I don't know if there's an widely used terminology for it, I think it's similar to the OO refactor technique "extract superclass".

but whatever it might be called, it's orthogonal to type erasure. the refactor doesn't necessarily use dynamic dispatching.

so back to this question:

&dyn Untyped_Parts_Of_S indeed erases the type S<T>. actually, it erases any type that can be coerced to the trait object. but I don't think I ever heard the saying "Foo is a type erasure of Bar`, at least not in the C++ world.


an aside

in rust, there's less need to use "clever" tricks or abusing language features like C++, but if you want, you can kind of "emulate" the C++ duck typing trick in rust, there's no strict equivalence due to the difference in the type system of the languages though:

pub trait Adder {
    fn add(&self, x: i32, y: i32) -> i32;
}
pub struct PolyAdder<Inner>(Inner);
pub fn foo<T>(adder: T) where PolyAdder<T>: Adder {
    fn foo_impl(adder: &dyn Adder) {
        todo!()
    }
    foo_impl(PolyAdder(adder))
}
pub ContainsErasedAdder(Box<dyn Adder>);
impl ContainsErasedAdder {
    fn new<T>(adder: T) -> Self where PolyAdder<T>: Adder {
        Self(Box::new(PolyAdder(adder)))
    }
}

// C++ can use template to add blanket implementations for the duck type
// but rust generics must type check, so we must add the impl block manually
// here I can define a macro for it.
// note sometimes, these `into()`s can cause type interference trouble, if the
// duck type method signature contains generic types.
macro_rules! duck_type_adder {
    ($duck:ty) => {
        impl Adder for PolyAdder<$duck> {
            fn add(&self, x: i32, y: i32) -> i32 {
                self.0.add(x.into(), y.into()).into()
            }
        }
    };
}

struct MyAdder {}
impl MyAdder {
    fn add(&self, x: i32, y: i32) -> i8 {
        -1
    }
}
duck_type_adder!(MyAdder);
1 Like

if I would give it a name, I think "decomposition" might be it.

1 Like

Let's say we are writing a GUI toolkit and we are working on the hotkey manager part. We might have something like this:

pub struct Key { c: u8, shift: bool, ctrl: bool, alt: bool, meta: bool }

pub Hk_Manager<T> { inner: HashMap<Vec<Key>, T> }

pub enum EditorCmd {}
pub enum ReplCmd {}
pub enum TerminalCmd {}

HK_Manager<EditorCmd>, Hk_Manager<ReplCmd>, Hk_Manager<TerminalCmd>

impl <T> HK_Manager<T> {
  fn get(&self, hk: &[Key]) -> Option<&T>;

  fn print(&self) -> Vec<Vec<String>>
}

Now, I want a situation where I want to point to a Rc< Hk_Manager<A>> for some A (A determined at runtime and can change), and I want to call print on it.

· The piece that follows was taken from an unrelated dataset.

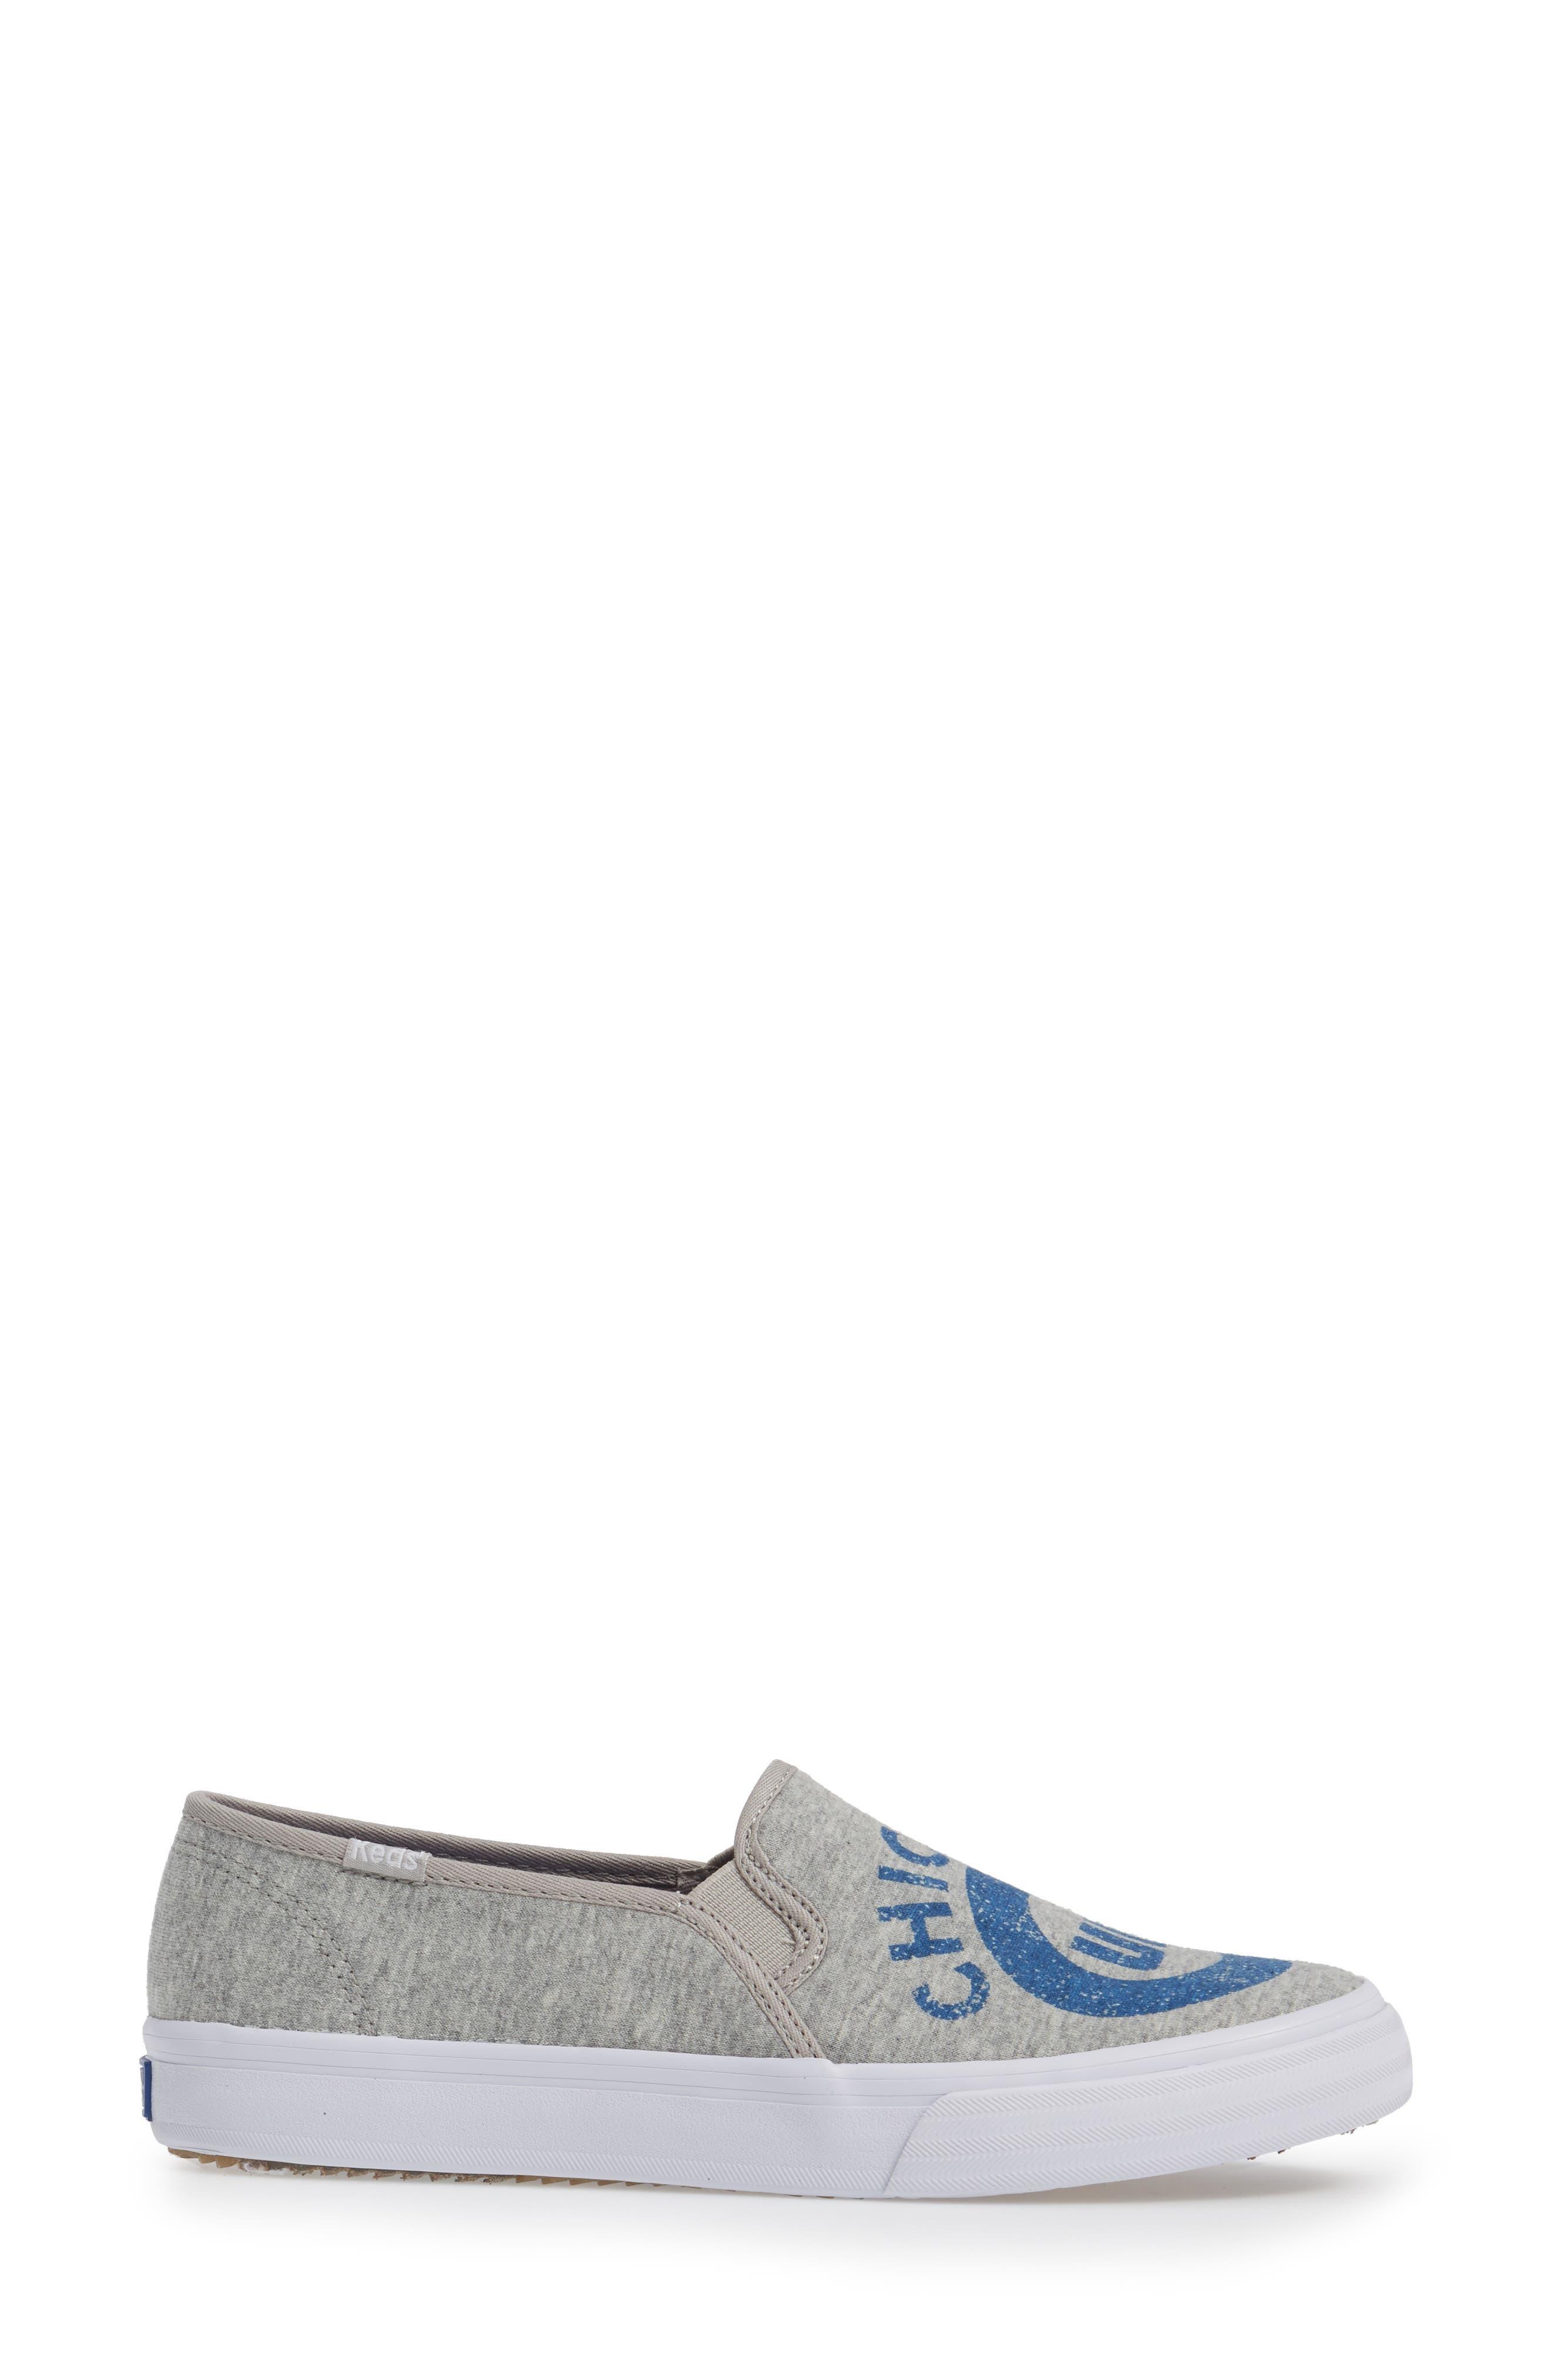 Double Decker Baseball Team Jersey Slip-On Sneaker,                             Alternate thumbnail 3, color,                             Light Grey

So the "depends on T / not depends on T" split happens at the fn level, not the struct fields level.

Fair enough. Type erasure is what you want.

With this concrete example (which would have been beneficial from the start), perhaps what you're getting at is thiat the generic must be erased from any included functions as well. In this case the answer is just omission of irrelevant methods from the trait. I can't think of a name for that either; it just is how traits work.[1] You include the desired functionality and ignore anything extraneous. Maybe the fact that you're starting from the POV of a specific struct and not that of the desired functionality is throwing you off.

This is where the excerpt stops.